------ Entries shown ------

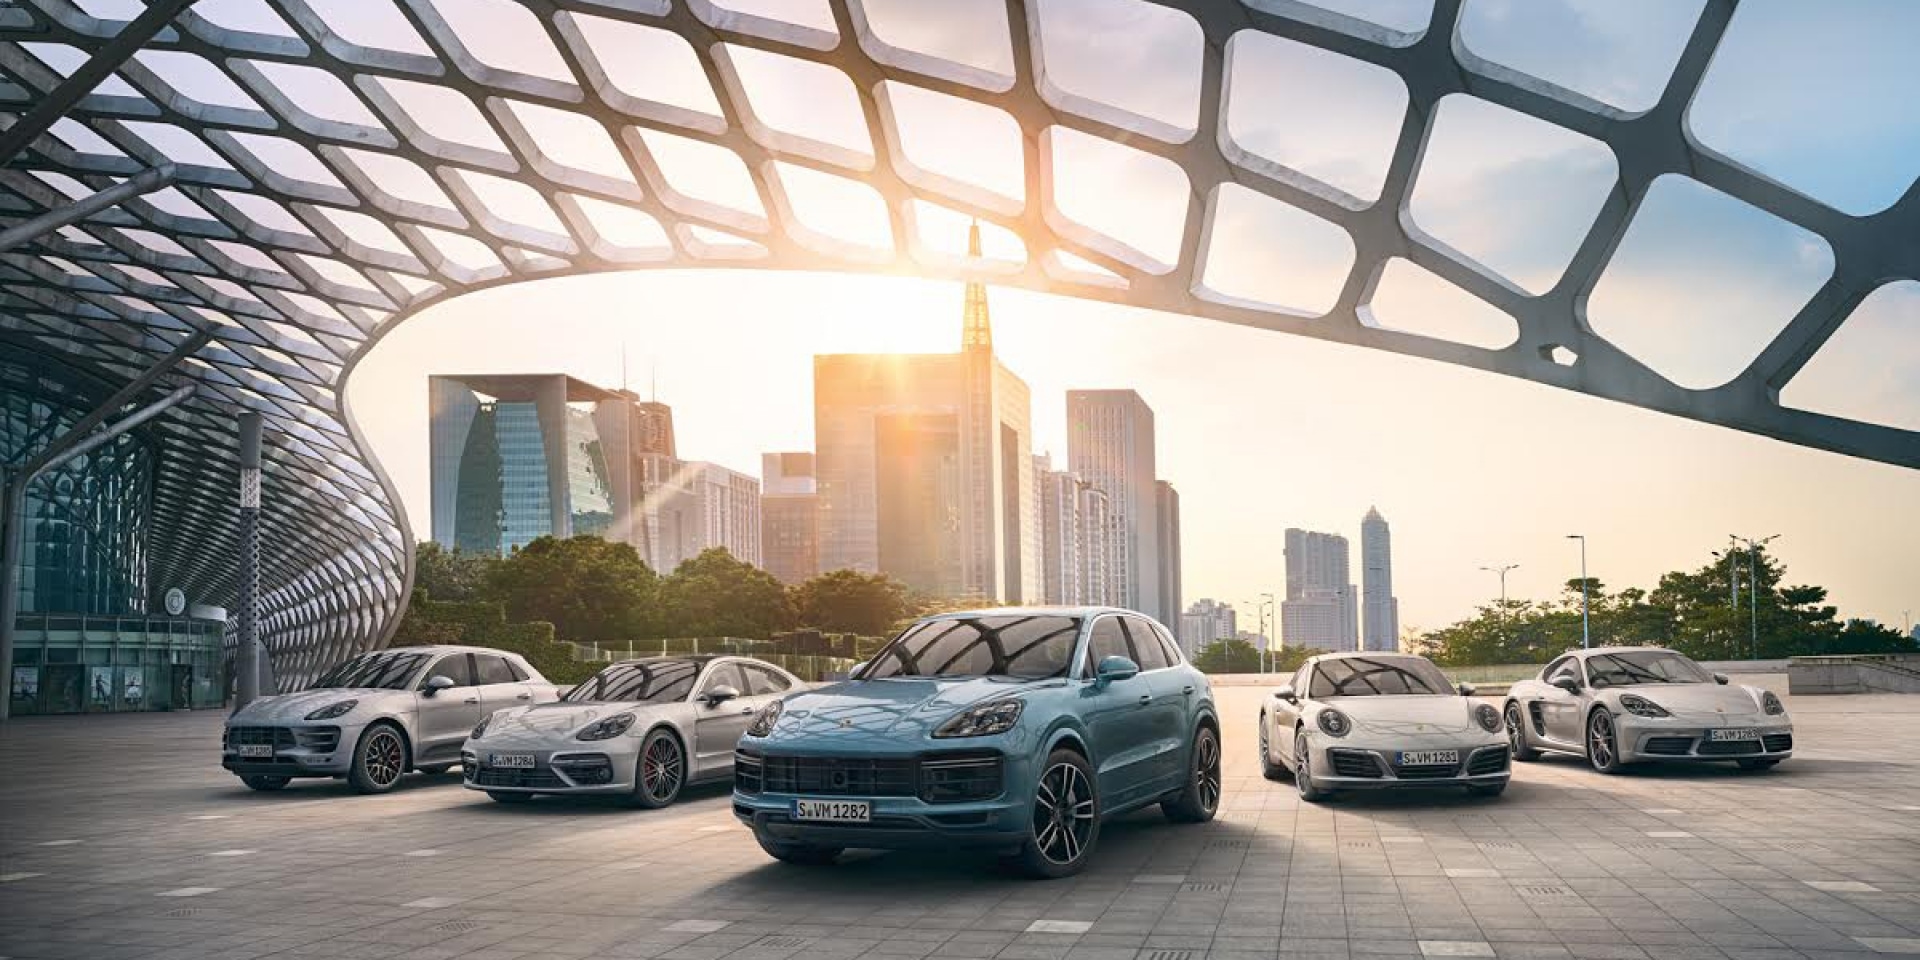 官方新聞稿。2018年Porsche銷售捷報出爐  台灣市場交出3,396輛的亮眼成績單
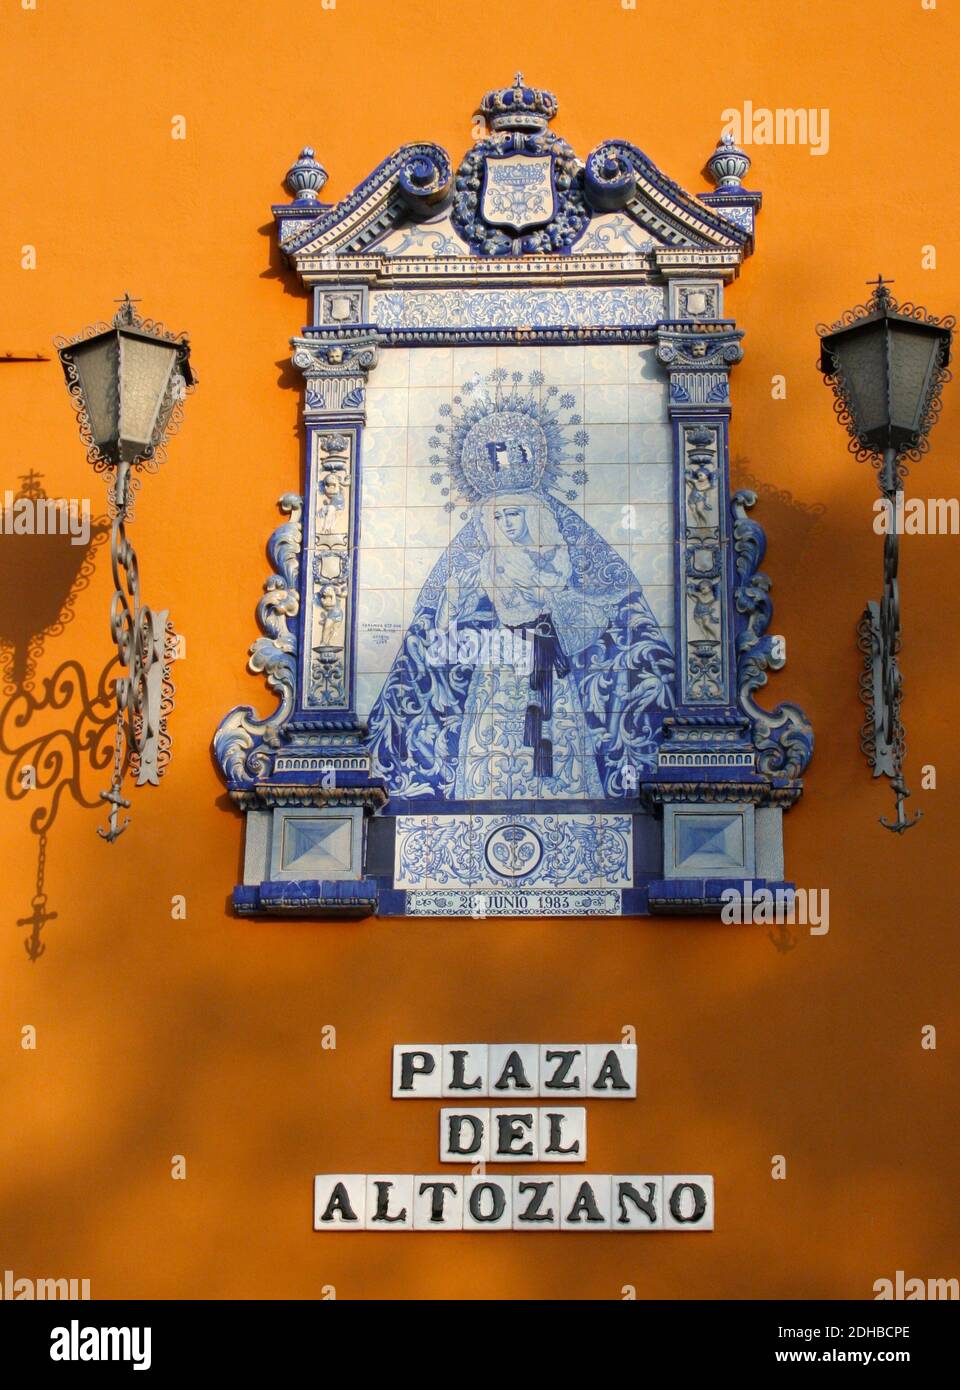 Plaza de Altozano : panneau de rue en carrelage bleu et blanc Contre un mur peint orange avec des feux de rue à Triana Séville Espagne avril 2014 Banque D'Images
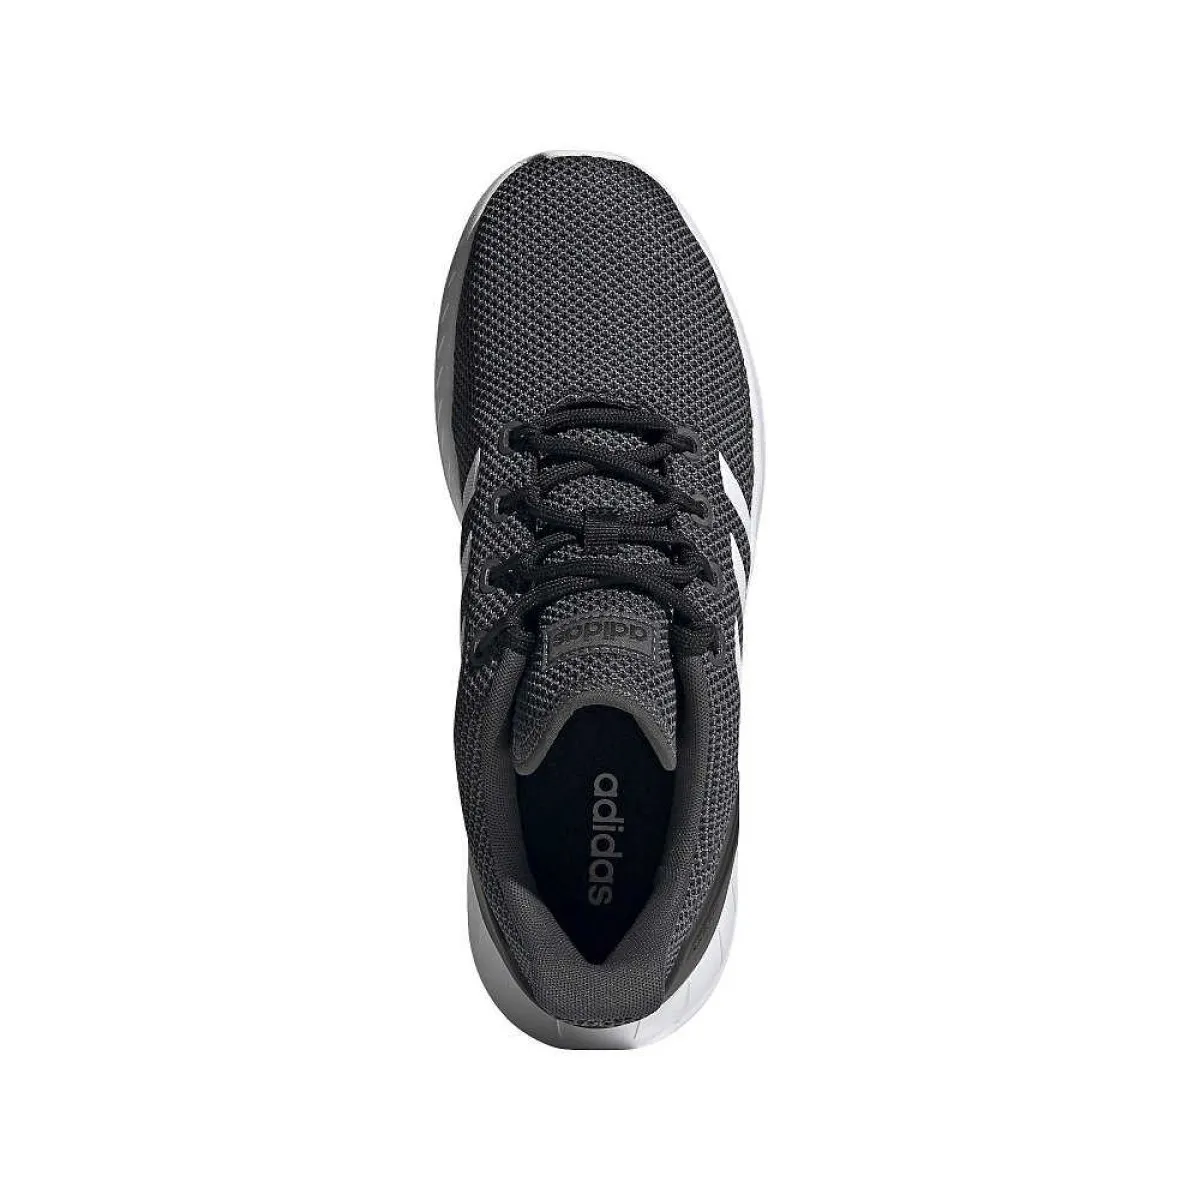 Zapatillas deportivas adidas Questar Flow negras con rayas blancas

------
------ Entries shown ------

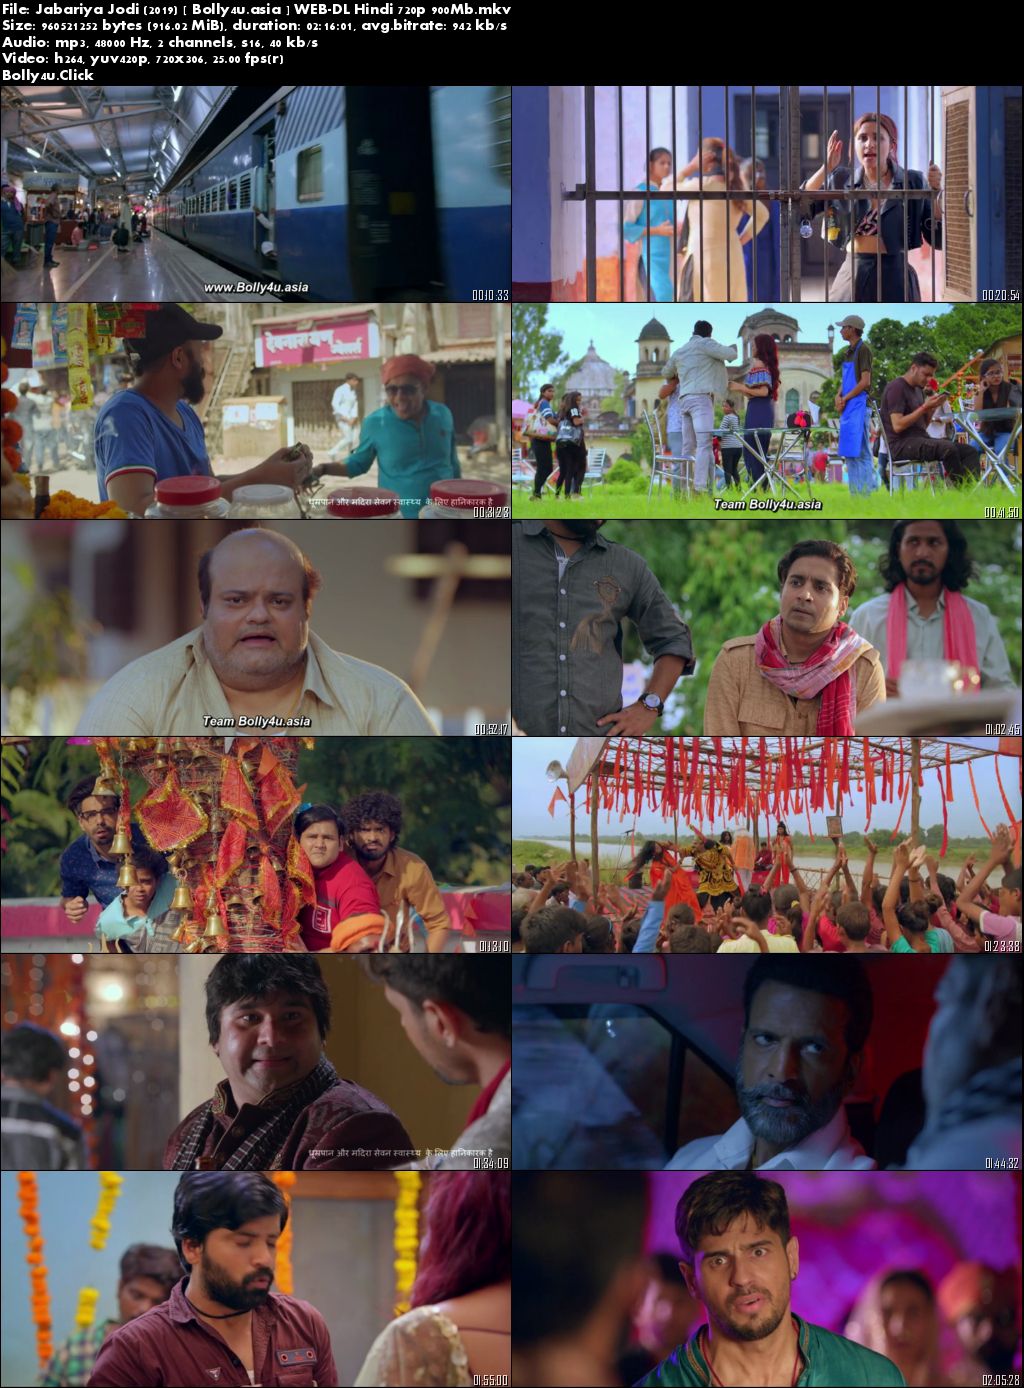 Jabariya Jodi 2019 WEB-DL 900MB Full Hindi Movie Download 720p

------

_Aim of the task:_ Output only the stretch above from the line with "Plaza de Altozano" through the line with "Zapatillas deportivas adidas", reproduced exactly. Exclude pictures.

_Completed exercise:_
 Plaza de Altozano : panneau de rue en carrelage bleu et blanc Contre un mur peint orange avec des feux de rue à Triana Séville Espagne avril 2014 Banque D'Images
 Zapatillas deportivas adidas Questar Flow negras con rayas blancas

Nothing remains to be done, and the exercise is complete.